(What you should do): In the data below, locate the line containing "Schwarze Lack-Loafer mit Rosenapplikation" and the line containing "2014 [Renault/Opel/Fiat/Nissan] Trafic/Vivaro/Talento/NV300", then retype both and everything between them exactly. Pictures are not part of the copy.

(Source data):

■ ■ ■

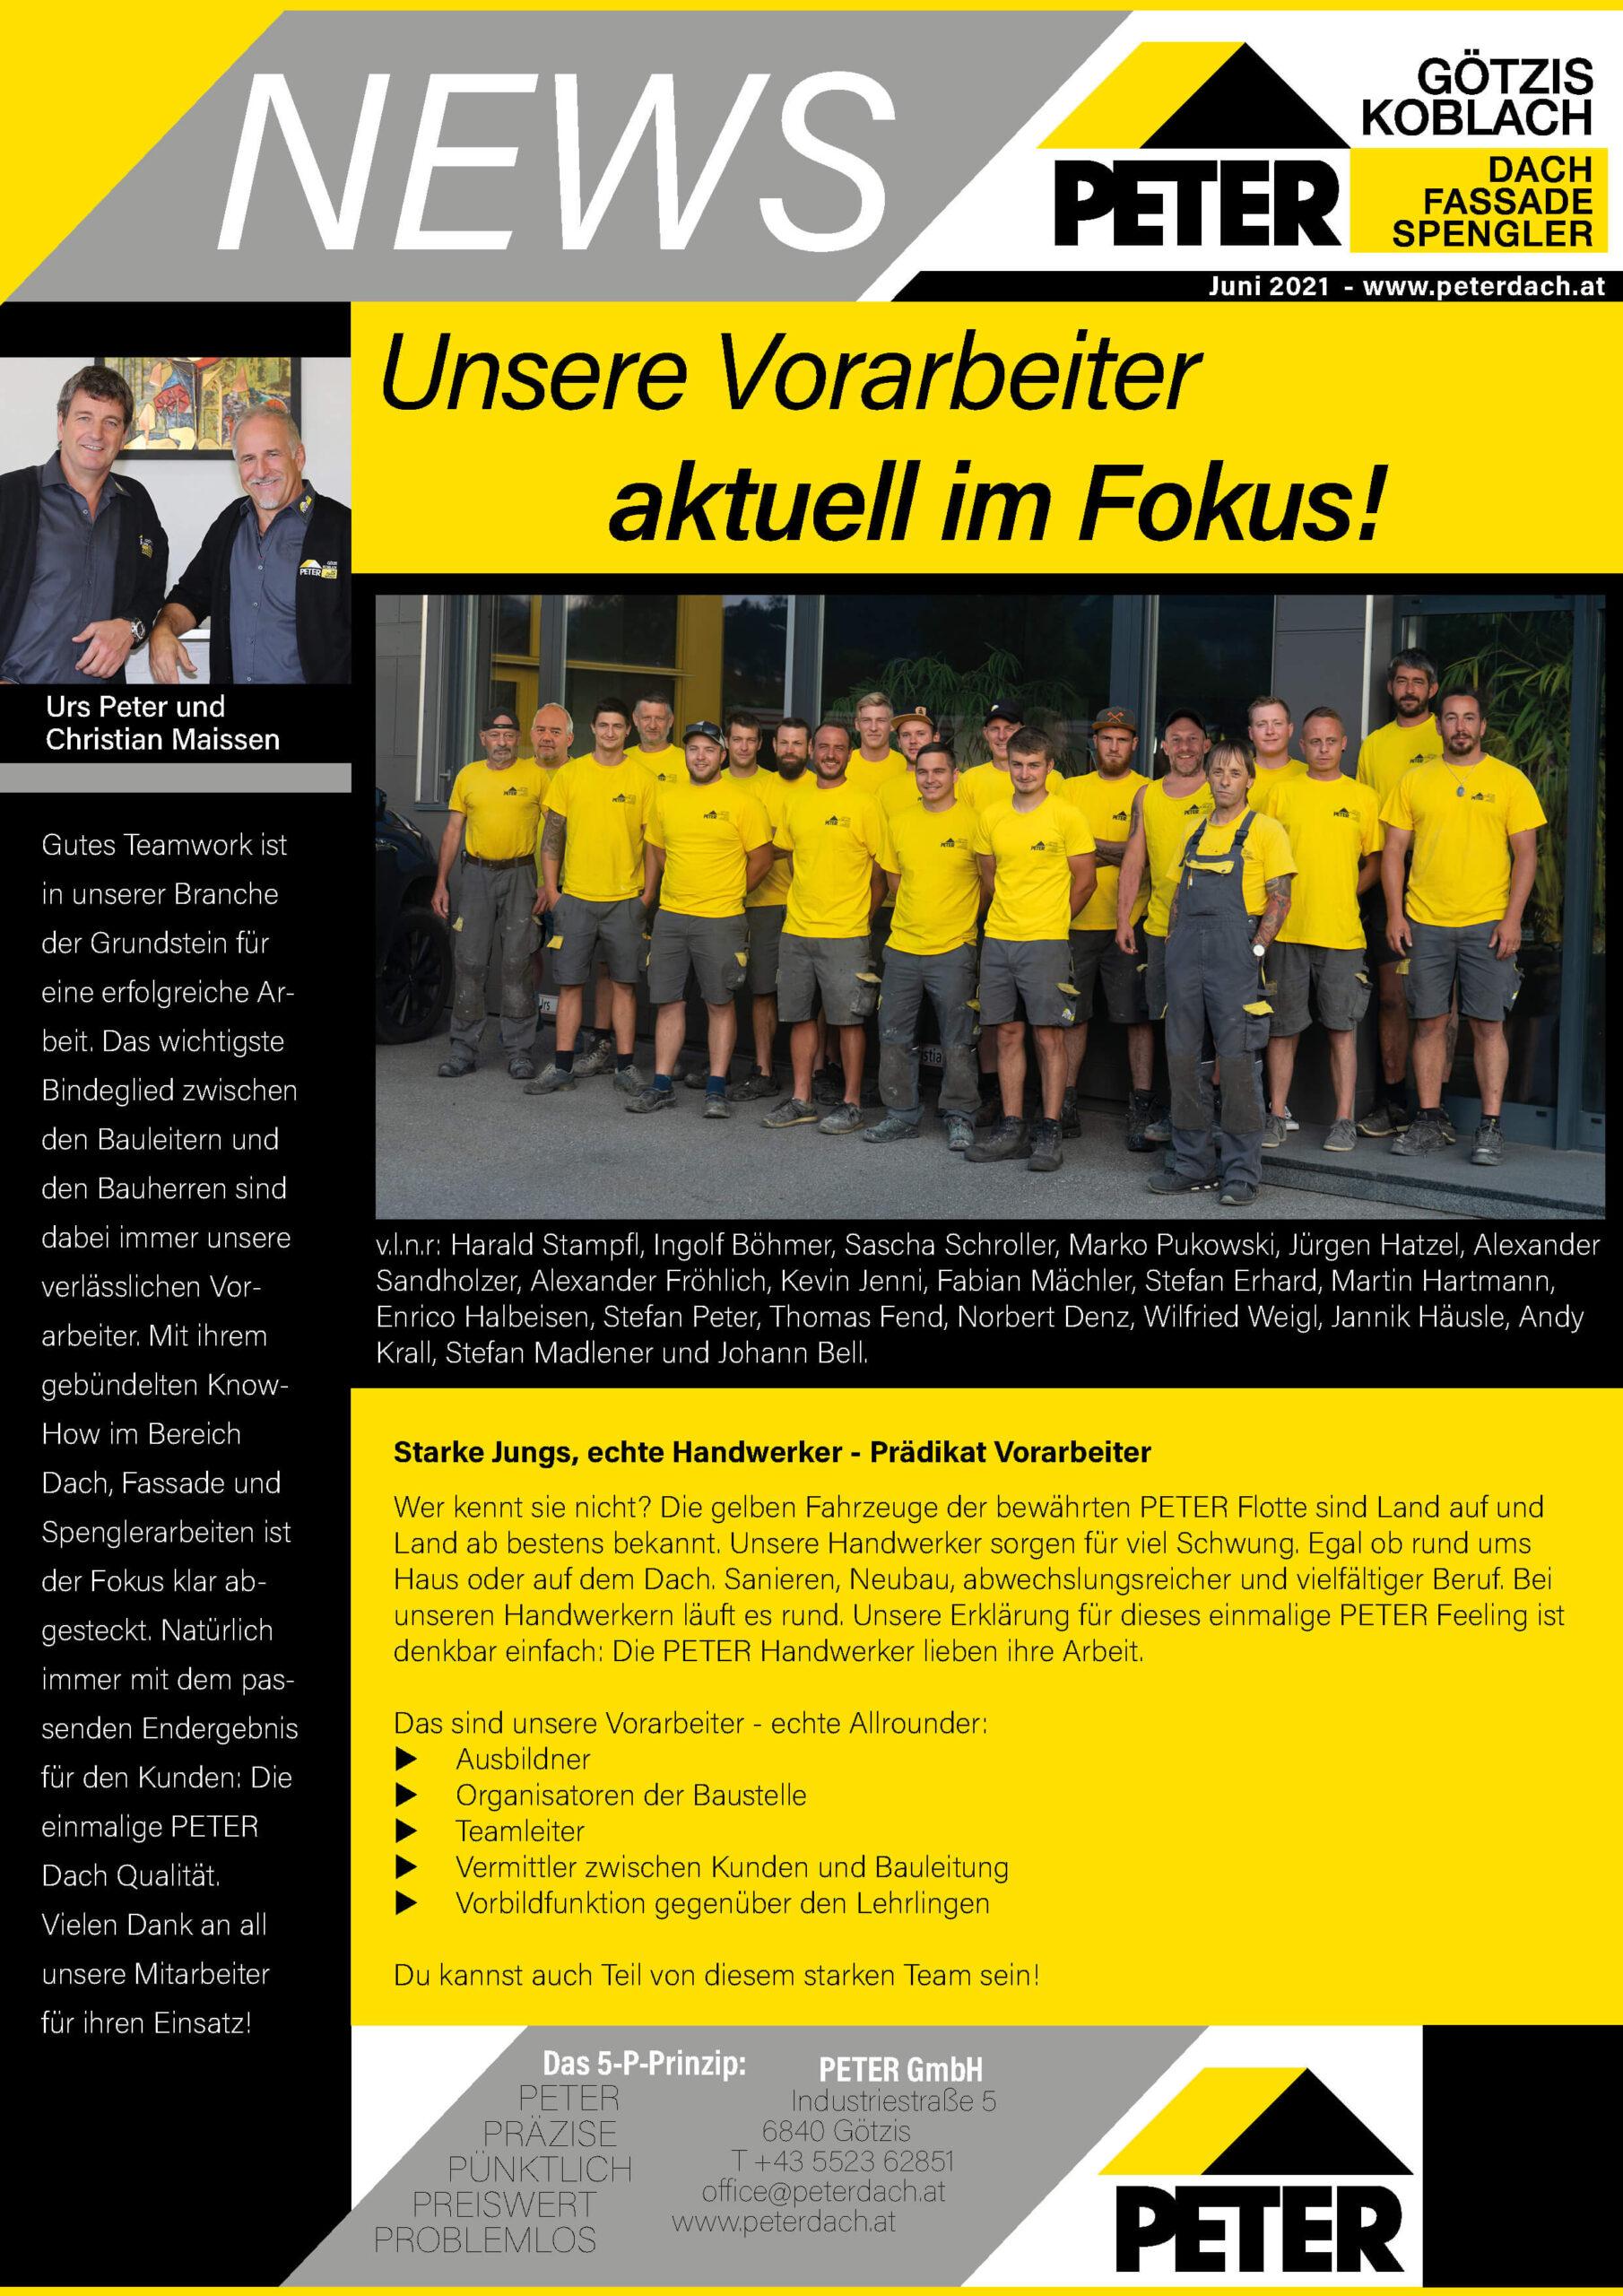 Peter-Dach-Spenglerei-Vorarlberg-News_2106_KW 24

■ ■ ■

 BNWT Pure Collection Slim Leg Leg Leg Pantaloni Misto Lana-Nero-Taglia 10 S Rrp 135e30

■ ■ ■

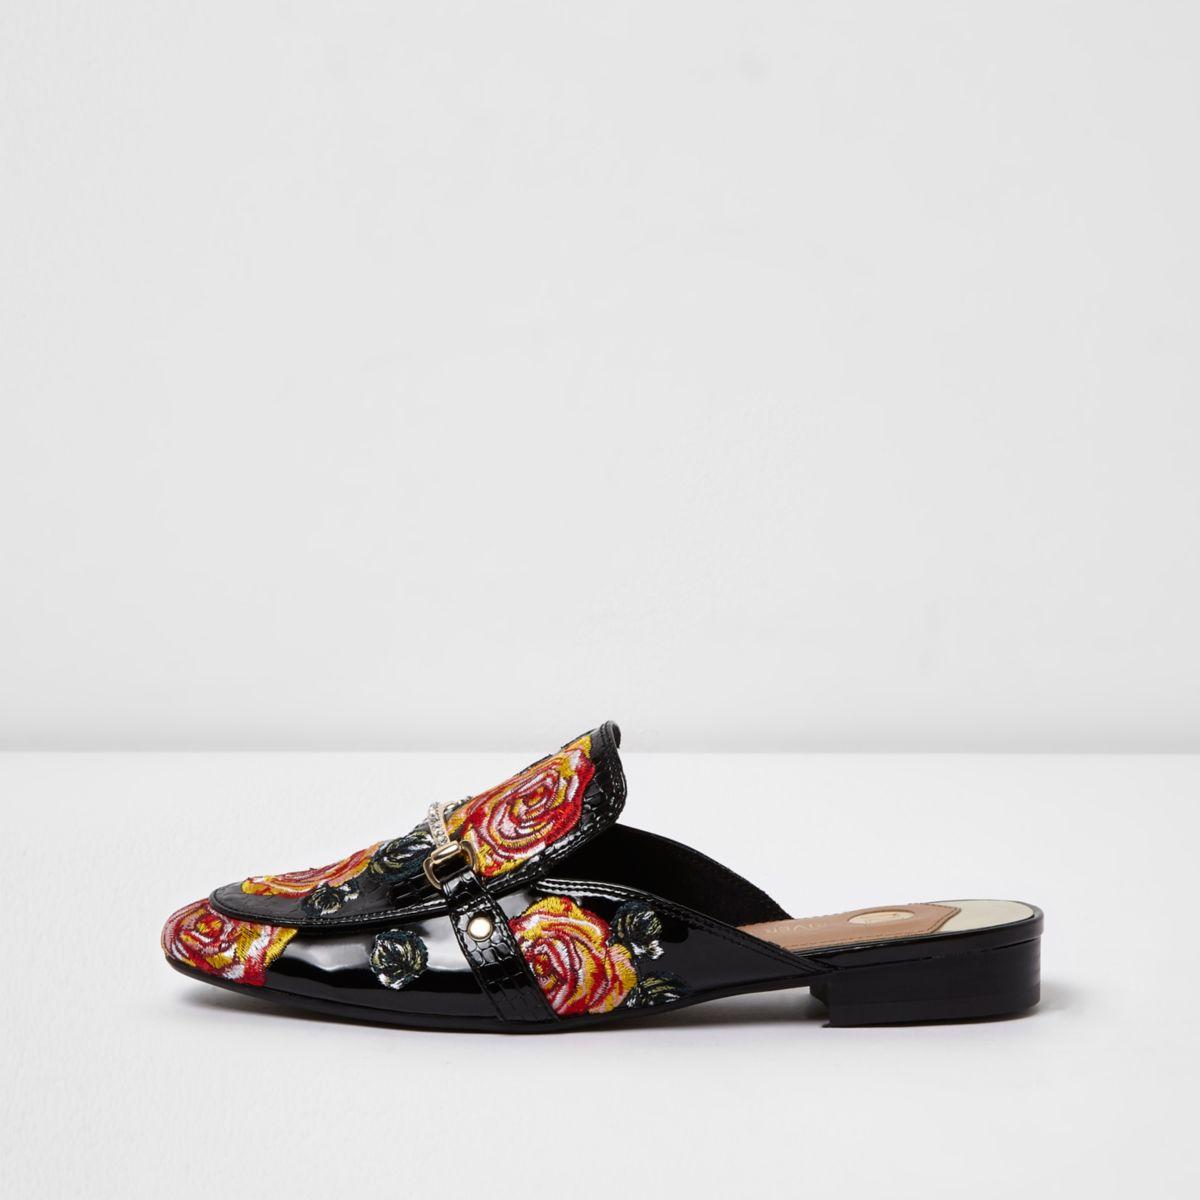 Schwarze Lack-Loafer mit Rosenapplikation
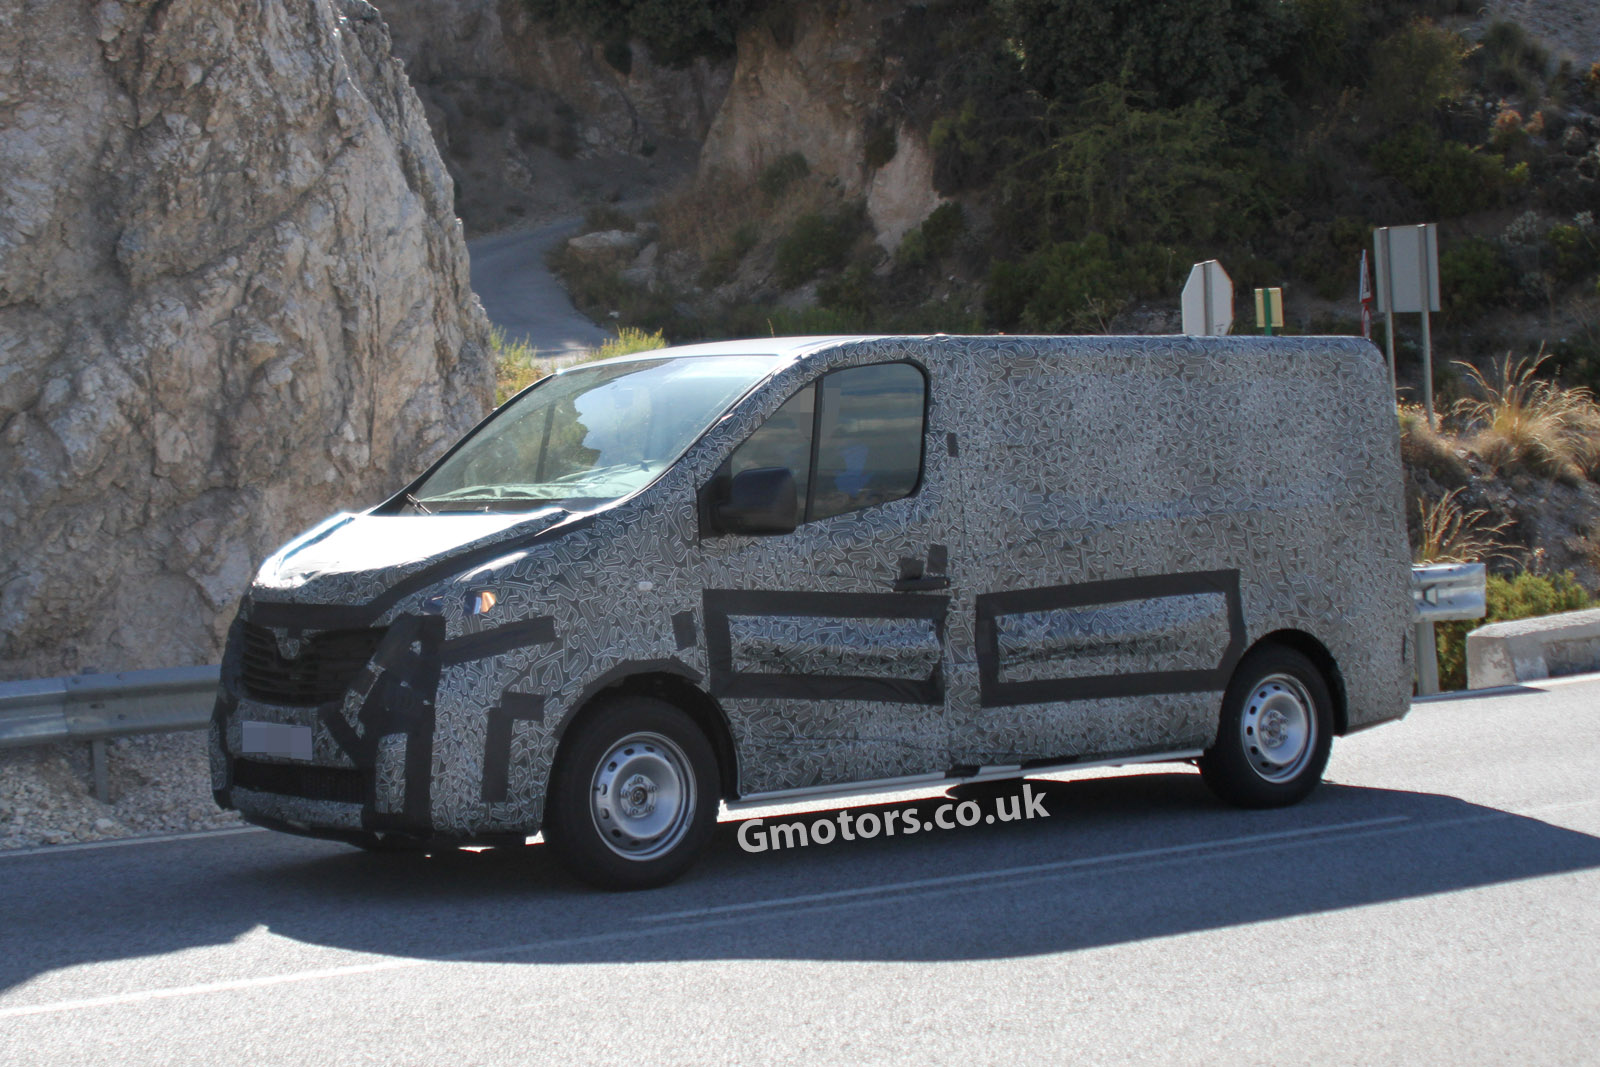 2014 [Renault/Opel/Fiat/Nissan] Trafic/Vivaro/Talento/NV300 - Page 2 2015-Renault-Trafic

■ ■ ■

(Exercise output):
 Schwarze Lack-Loafer mit Rosenapplikation
 2014 [Renault/Opel/Fiat/Nissan] Trafic/Vivaro/Talento/NV300 - Page 2 2015-Renault-Trafic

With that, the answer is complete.